Gene stepped in towards him again, leaning in and bracing himself on one arm against the wall, but the spell had been broken, and now that he was no longer in the hot urgency of the moment Gene was forced to notice that he'd just been snogging his DI which was...
"Come here," Sam said impatiently, tugging Gene in closer by his belt buckle. "I've been waiting ages for you to work out you wanted to do this; fuck, if I'd known all it took was getting shot I'd've been walking round Castlefield every night with a great big target pinned to my jacket."

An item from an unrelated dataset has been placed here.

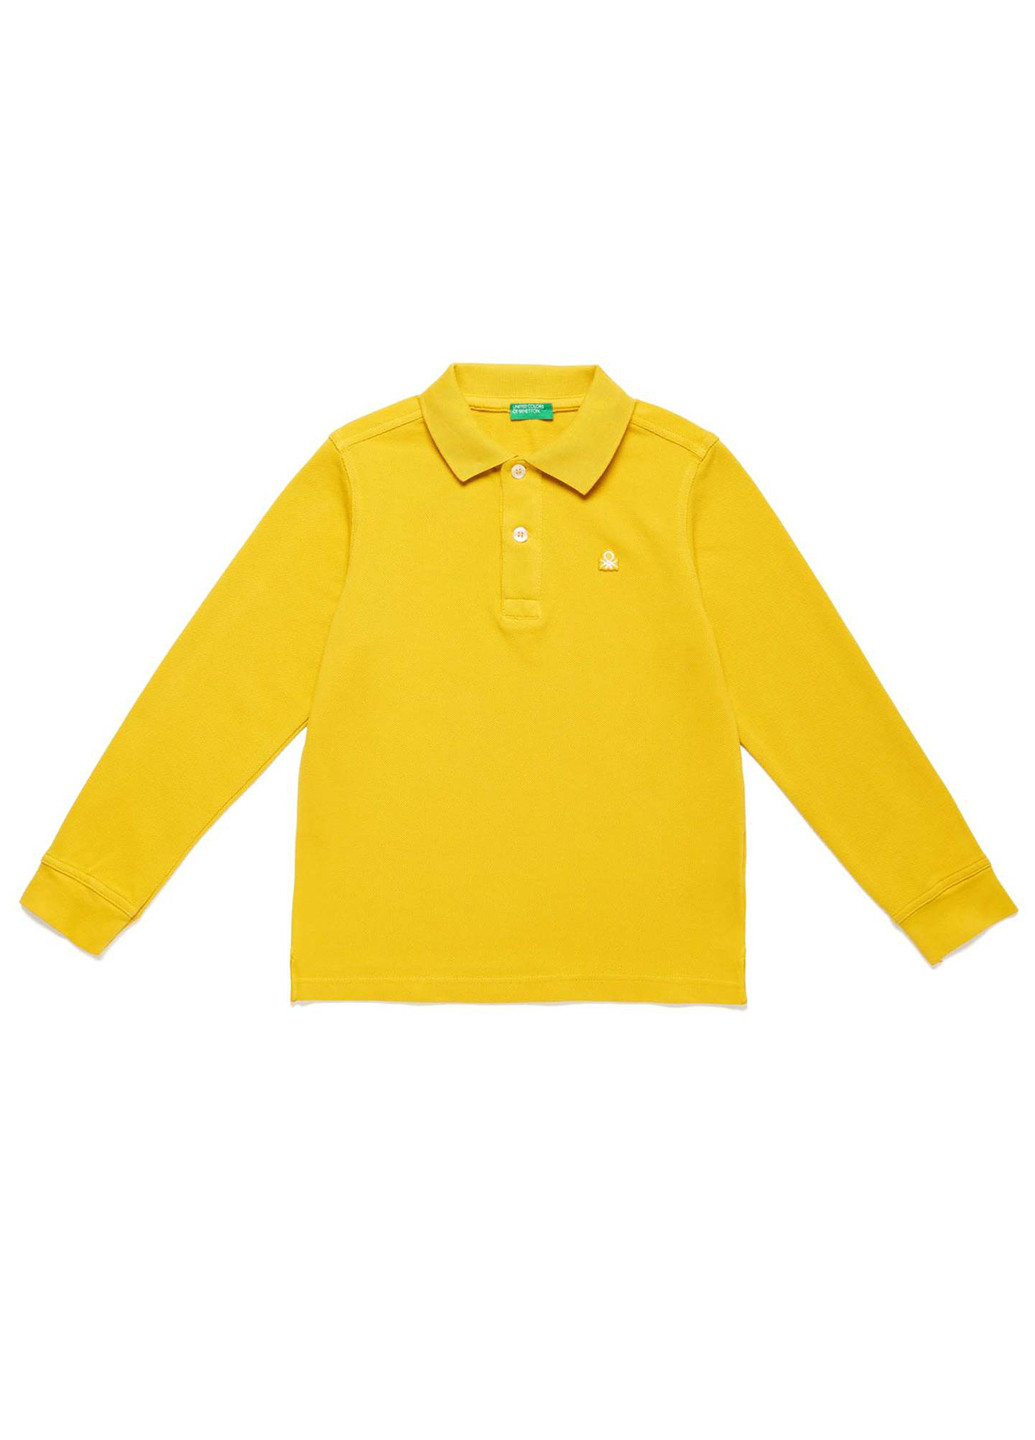 Желтая детская футболка-поло для мальчика United Colors of Benetton с логотипом

Gene started to say that that was the most ridiculous thing he'd ever heard in his life, but Sam's mouth was on his again and his hands were-oh, Christ, all over him, and it was the best thing to happen in the history of recorded time. He made a mental note to send that crazy bastard down in the cells a box of chocolates-hell, a box of heroin-laced chocolates-
He forgot all about the poor sod after a minute, though; tonight, for once, Gene Hunt had better things to do.